2018-10-15 Thread Matthias Runge

On 12/10/2018 14:21, Sean McGinnis wrote:

On Fri, Oct 12, 2018 at 11:25:20AM +0200, Martin Magr wrote:

Greetings guys,

On Thu, Oct 11, 2018 at 4:19 PM, Miguel Angel Ajo Pelayo <
majop...@redhat.com> wrote:


Adding the mailing lists back to your reply, thank you :)

I guess that +melvin.hills...@huawei.com  can
help us a little bit organizing the SIG,
but I guess the first thing would be collecting a list of tools which
could be published
under the umbrella of the SIG, starting by the ones already in Osops.

Publishing documentation for those tools, and the catalog under
docs.openstack.org
is possibly the next step (or a parallel step).


On Wed, Oct 10, 2018 at 4:43 PM Rob McAllister 
wrote:


Hi Miguel,

I would love to join this. What do I need to do?

Sent from my iPhone

On Oct 9, 2018, at 03:17, Miguel Angel Ajo Pelayo 
wrote:

Hello

 Yesterday, during the Oslo meeting we discussed [6] the possibility
of creating a new Special Interest Group [1][2] to provide home and release
means for operator related tools [3] [4] [5]



   all of those tools have python dependencies related to openstack such as
python-openstackclient or python-pbr. Which is exactly the reason why we
moved osops-tools-monitoring-oschecks packaging away from OpsTools SIG to
Cloud SIG. AFAIR we had some issues of having opstools SIG being dependent
on openstack SIG. I believe that Cloud SIG is proper home for tools like
[3][4][5] as they are related to OpenStack anyway. OpsTools SIG contains
general tools like fluentd, sensu, collectd.


Hope this helps,
Martin



Hey Martin,

I'm not sure I understand the issue with these tools have dependencies on other
packages and the relationship to SIG ownership. Is your concern (or the history
of a concern you are pointing out) that the tools would have a more difficult
time if they required updates to dependencies if they are owned by a different
group?

Thanks!
Sean



Hello,

the mentioned sigs (opstools/cloud) are in CentOS scope and mention 
repository dependencies. That shouldn't bother us here now.

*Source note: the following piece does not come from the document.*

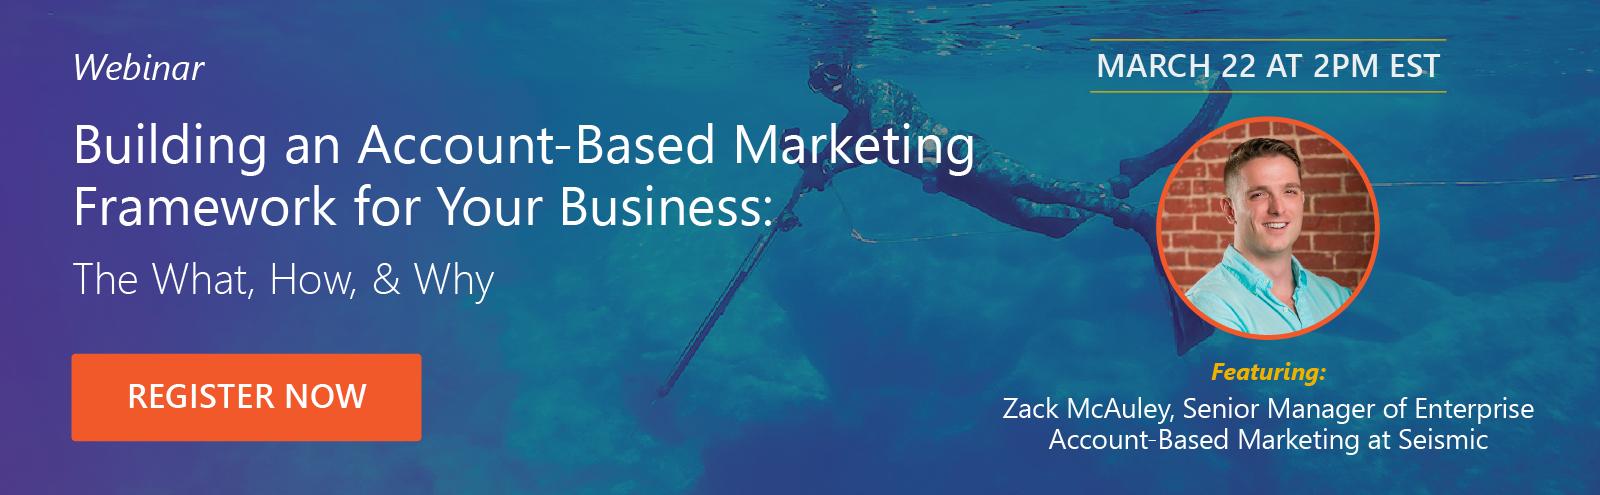 Building an Account-Based Marketing Framework

There is already a SIG under the CentOS project, providing tools for 
operators[7], but also documentation and integrational bits.


Also, there is some overlap with other groups and SIGs, such as 
Barometer[8].


Since there is already some duplication, I don't know where it makes 
sense to have a single group for this purpose?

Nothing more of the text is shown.